Хортон поглядел на Никодимуса, сгорбившегося у огня и наблюдавшего за готовящимися бифштексами.
– Ты ей сказал? – спросил Хортон.
– У меня не было случая, – ответил Никодимус. – Она не дала мне такой возможности. Она была так возбуждена, узнавши, что я говорю, как она выразилась, на «старом языке».
– Чего он мне не сказал? – осведомилась Элейна.
– Тоннель закрыт. Он не работает.
– Но он ведь привел меня сюда.
– Сюда он вас привел. Но обратно не выведет. Он выведен. Он вышел из строя. Работает только в одном направлении.
– Но это невозможно. Есть ведь панели управления.
– Про панель управления я знаю, – проворчал Никодимус. – Я над ней работал. Пытался починить.
– И как успехи?
– Не особенно хорошо, – признался Никодимус.
– Все мы в ловушке, – заявил Плотоядец, – если только этот чертов тоннель невозможно исправить.
– Может быть, я могу помочь, – сказала Элейна.
– Коли сможете, – сказал Плотоядец, – так призываю вас сделать все, что в ваших силах. Питал я надежду, что, коли тоннель не будет починен, так я смогу соединиться с Хортоном и роботом на корабле, однако теперь надежда эта иссякла и похоже, что так не будет. Этот сон, о котором вы говорили, это усыпление пугает меня. Нет у меня желания быть замороженным.
– Мы об этом уже беспокоились, – признался ему Хортон
– Никодимус разбирается в замораживании. У него есть трансмог техника по анабиозу. Но он знает только, как замораживать людей. С тобой может оказаться совсем другое дело – у тебя другая химия тела.
– Так с этим покончено, – посетовал Плотоядец.
– Итак, тоннель должен быть исправлен.
– А вы не кажетесь слишком обеспокоенной, – обратился Хортон к Элейне.

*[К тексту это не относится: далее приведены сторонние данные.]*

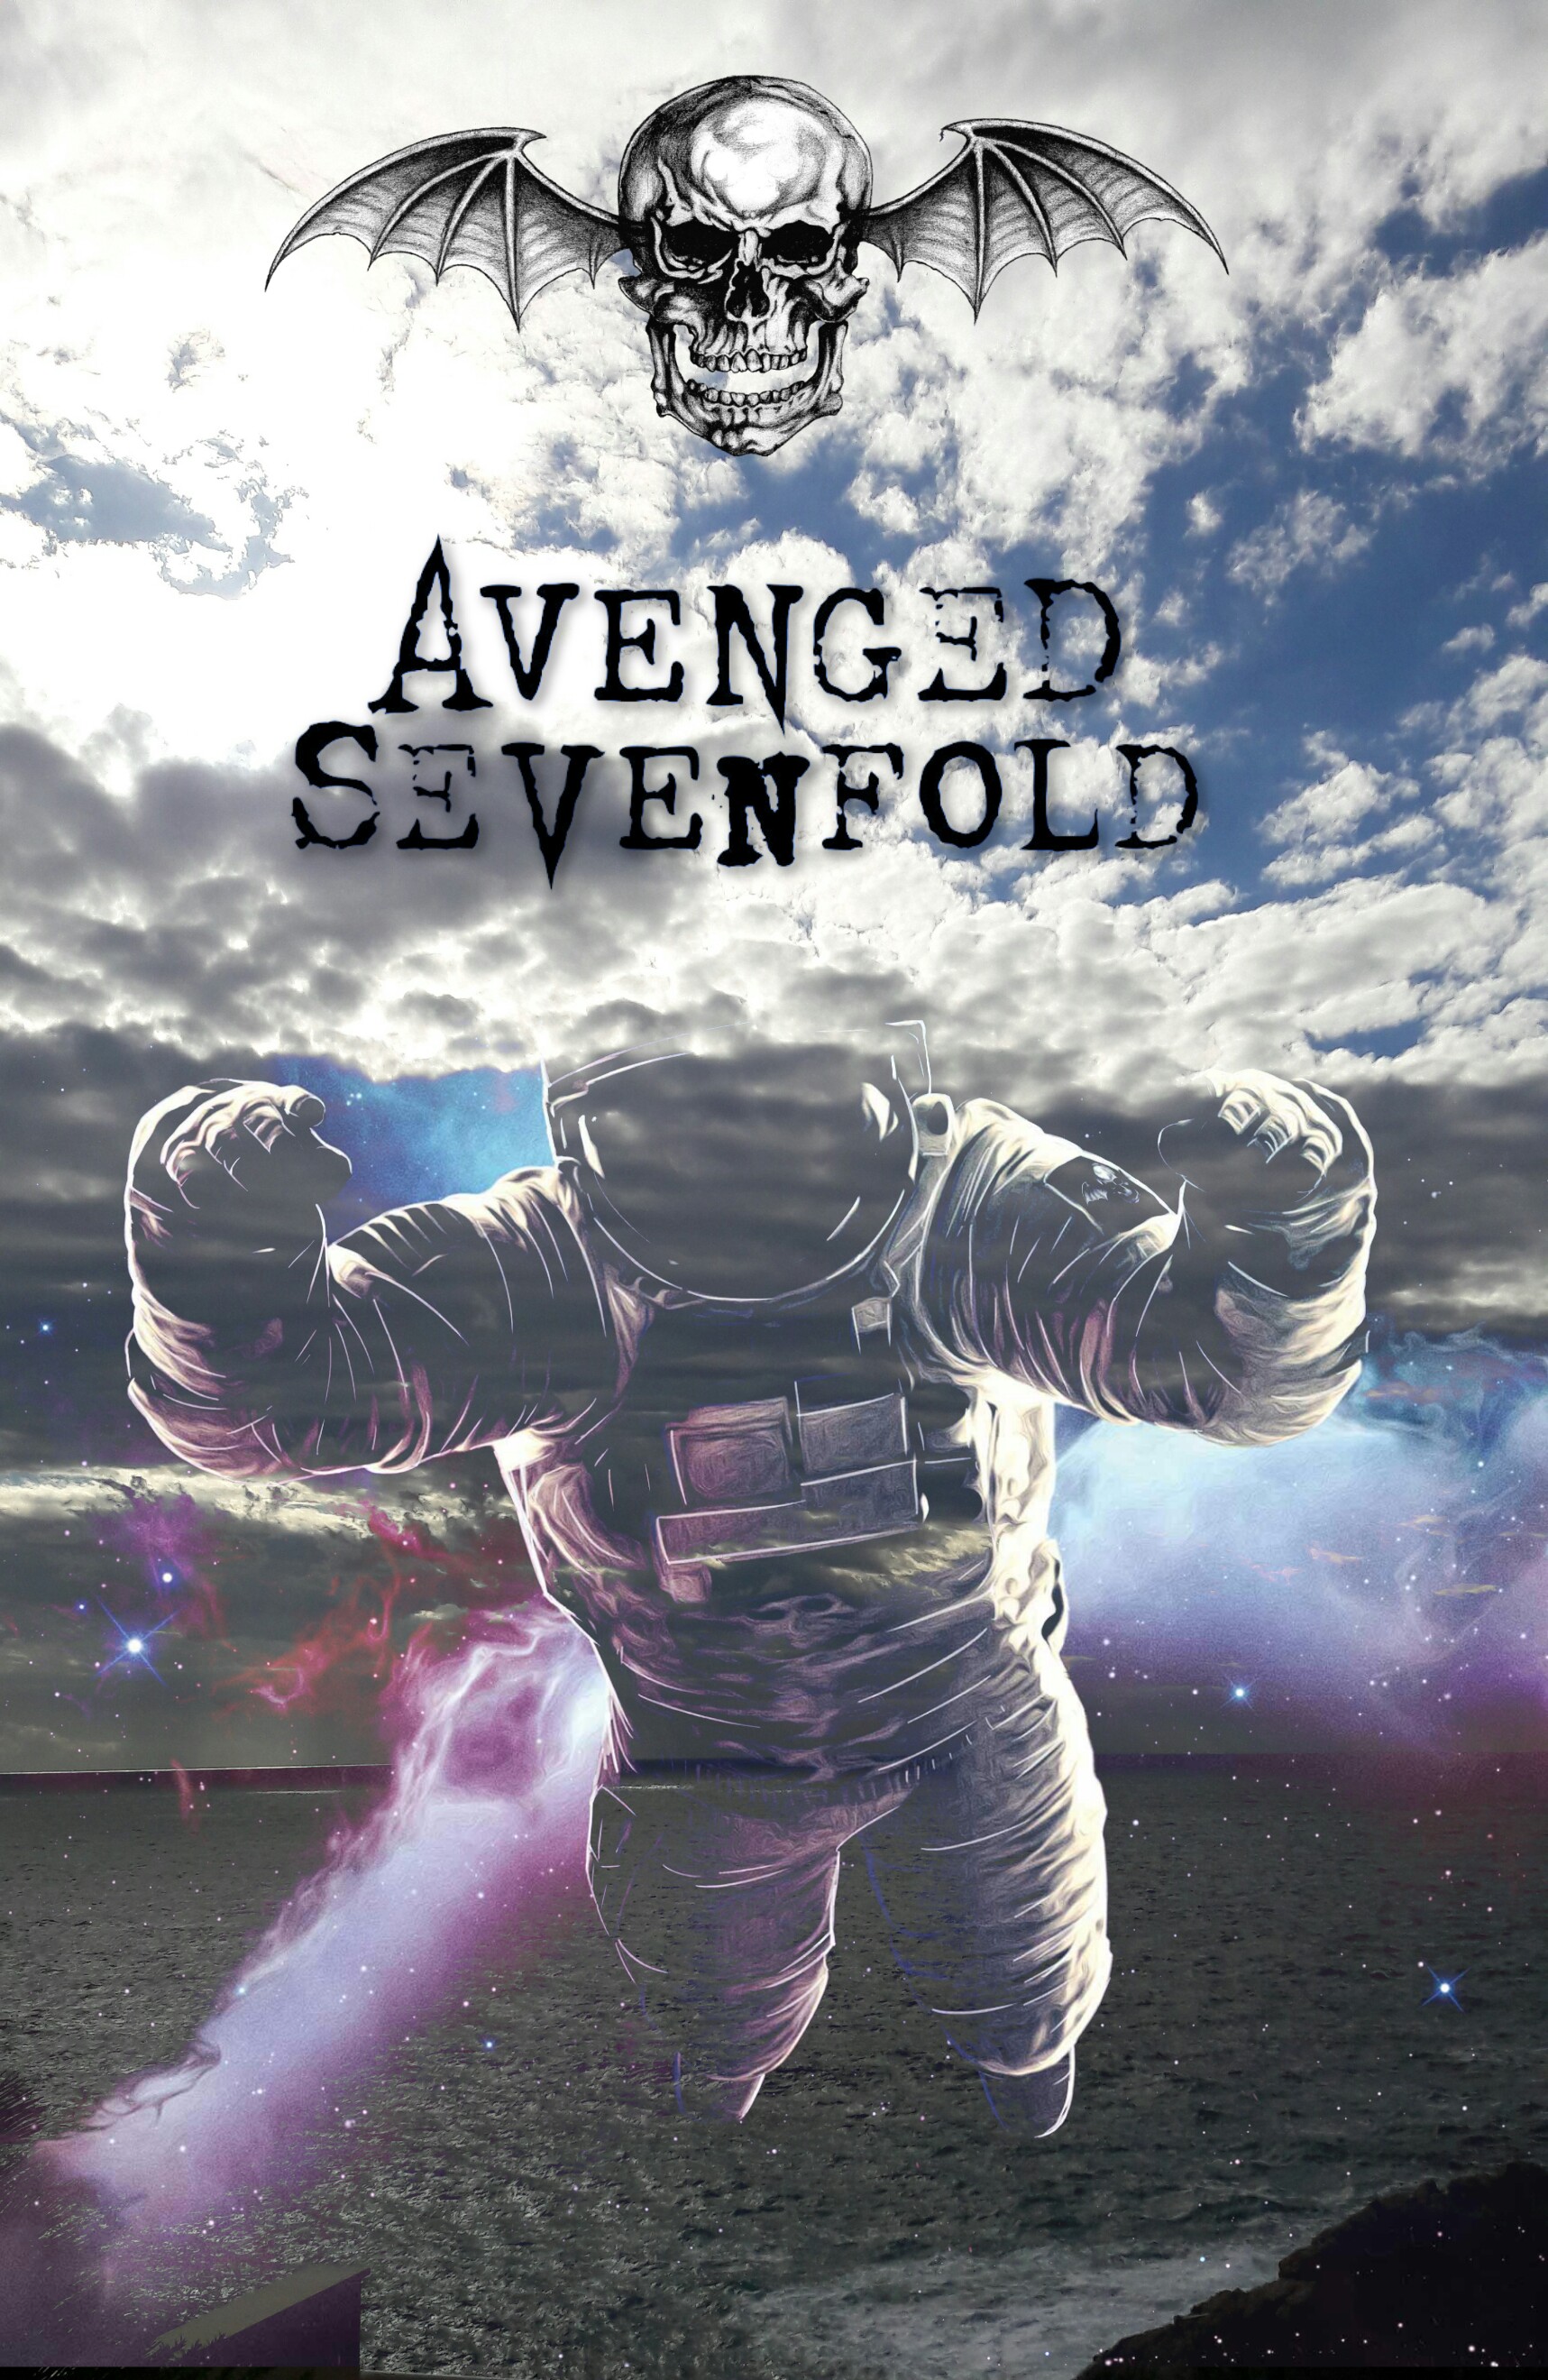 avenged sevenfold wallpaper,cool,poster,fictional character,fiction,graphic design

– О, я, пожалуй, я обеспокоена, – призналась она. – Но люди моего народа не сетуют на судьбу. Мы принимаем жизнь, как она есть. Хорошее и дурное. Мы знаем, что и то и другое неизбежно.
Плотоядец, покончив с едой, поднялся, потирая руками окровавленное рыло.

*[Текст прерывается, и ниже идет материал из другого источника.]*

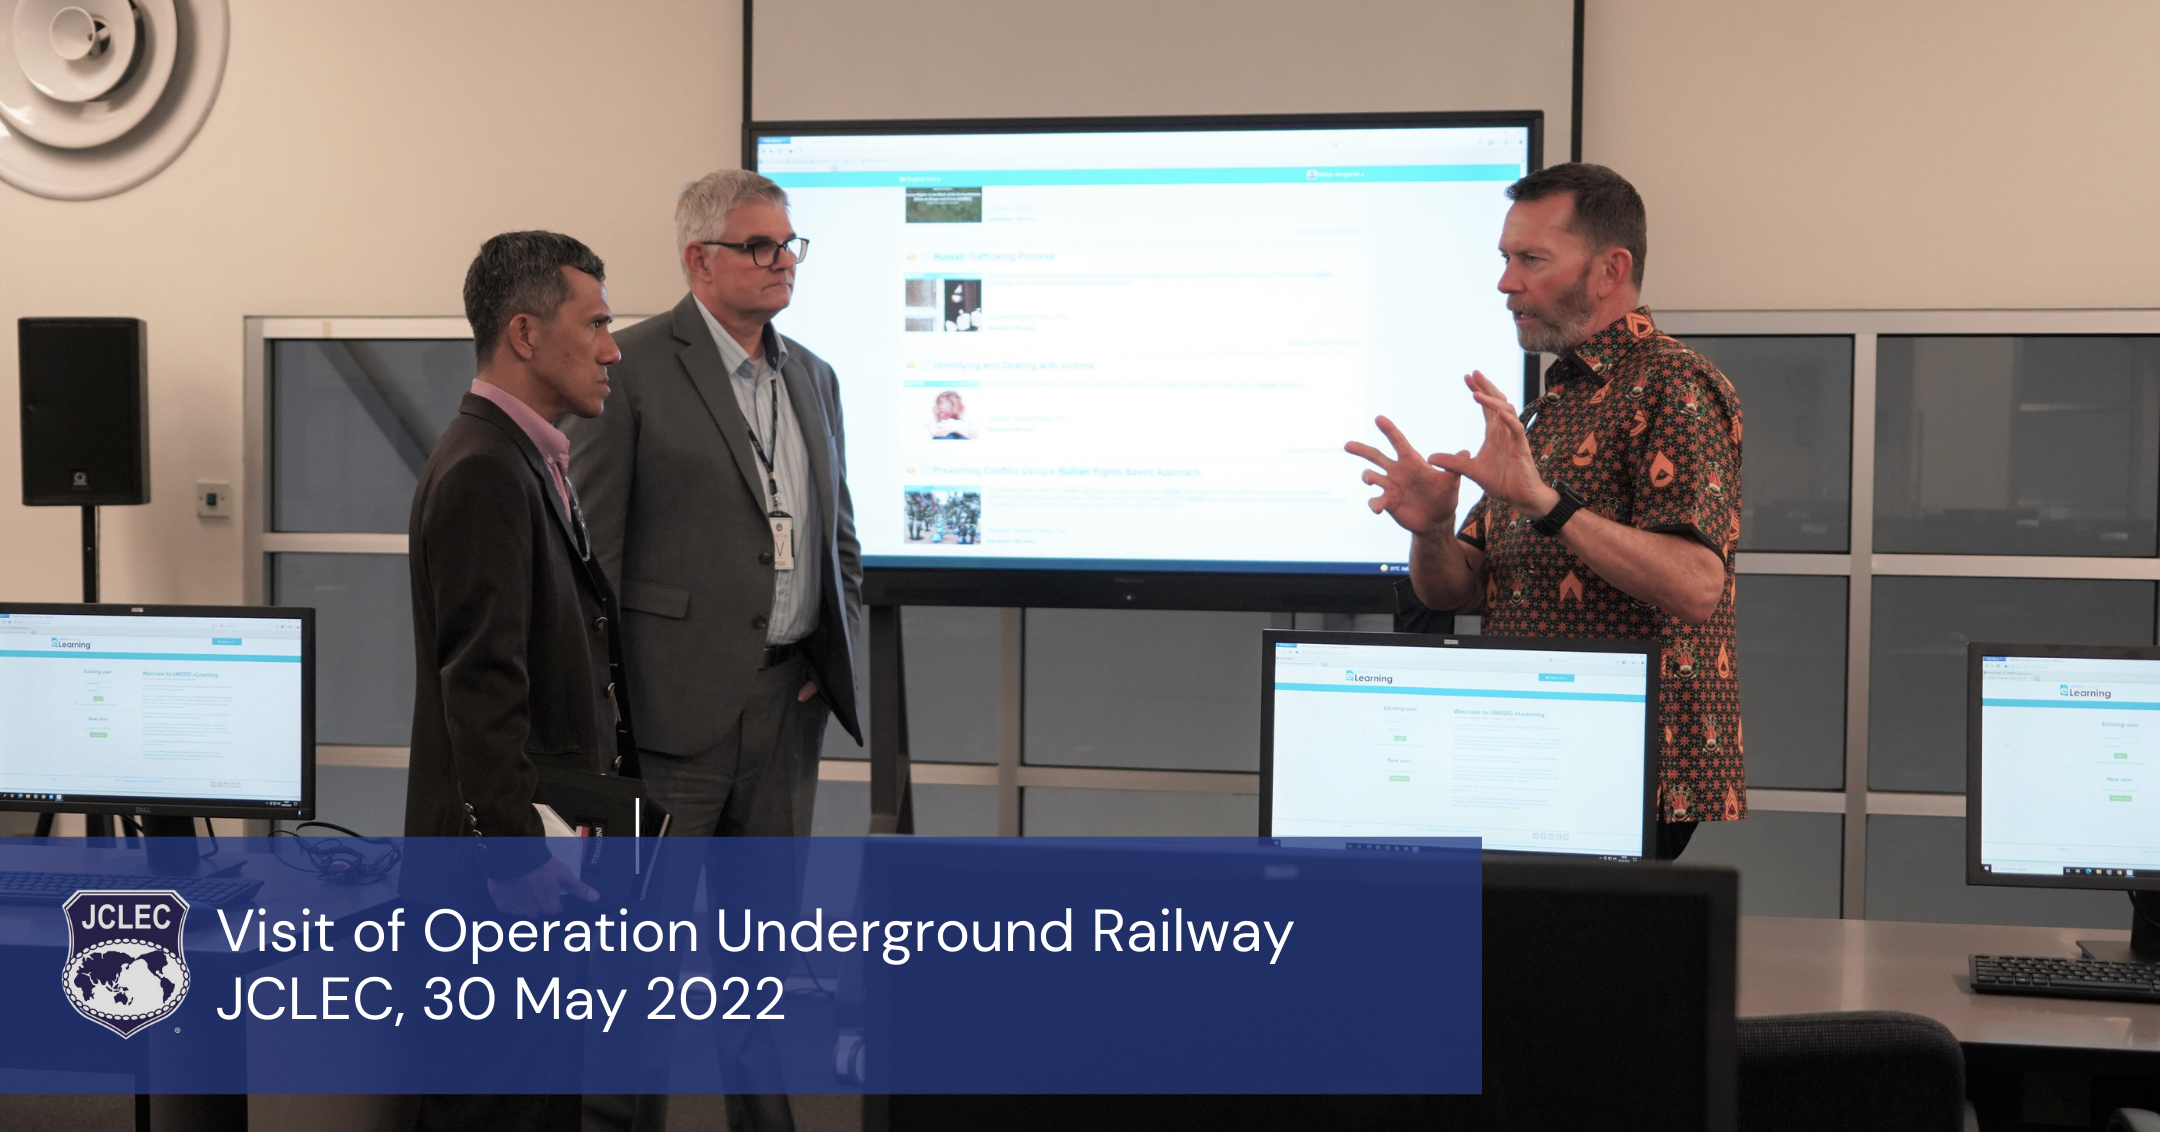 JCLEC's Executive Director Programs gave presentation to Operation Underground Railway delegations.

– Теперь я иду охотиться, – обьявил он. – Принесу свежее мясо.
– Подожди, пока мы поедим, – предложил Хортон. – И я пойду с тобой.
– Лучше не стоит, – возразил Плотоядец. – Вы распугаете дичь.

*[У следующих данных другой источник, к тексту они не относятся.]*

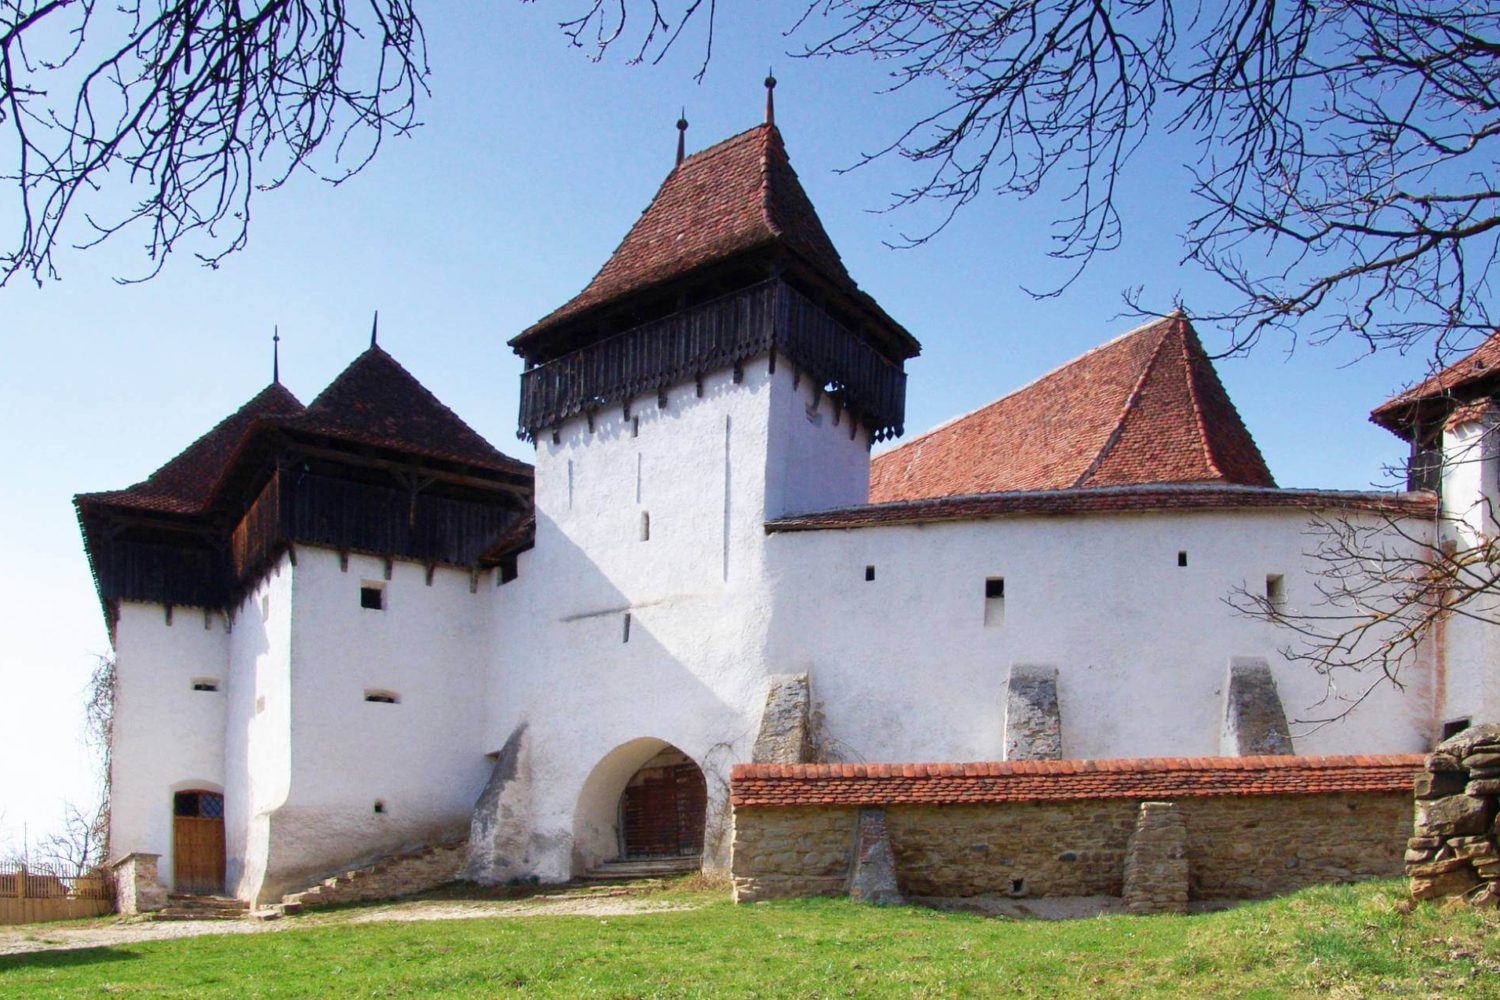 Transylvanian Medieval Castles & Fortified Churches

Он пошел было прочь, затем повернулся.
– Одно вы могли бы сделать, – сказал он. – Вы можете бросить старое мясо в пруд. Но зажмите при этом нос.
– Уж как-нибудь справлюсь, – сказал Хортон.
– Отменно, – заявил Плотоядец и ушел вперевалку, направляясь к востоку по тропе, ведущей к заброшенному поселению.
– Как вы с ним повстречались? – спросила Элейна. – И кто он такой, собственно?
– Он ожидал нас, когда мы приземлились, – ответил Хортон. – Кто он такой, мы не знаем. Он говорит, что попался здесь вместе с Шекспиром…
– Шекспир, судя по его черепу, человек.
– Да, но о нем нам известно немногим больше, чем о Плотоядце. Хотя возможно, мы сможем узнать побольше. У него был томик с полным собранием Шекспира и он исписал по полям всю книгу. Каждый клочок, где только оставалась чистая бумага.
– Вы что-нибудь из этого прочитали?
– Кое-что. Осталось еще много.
– Мясо готово, – сказал Никодимус. – Тарелка только одна и только один столовый набор. Вы не возражаете, Картер, если я отдам его леди?
– Отнюдь не возражаю, – ответил Хортон. – Я и руками управлюсь.
– Ну, так отлично, – сказал Никодимус. – Я отправляюсь к тоннелю.
– Как только я поем, – сказала Элейна, – я спущусь посмотреть, как ты управляешься.
– Хотел бы я, чтоб вы пришли, – заявил робот. – Я там головы от хвоста не отличу.
– Это довольно просто, – сказала Элейна. – Две панели, одна поменьше другой. Та, что меньше, управляет щитом на большой панели, панели управления.
– Там нет двух панелей, – сообщил Никодимус.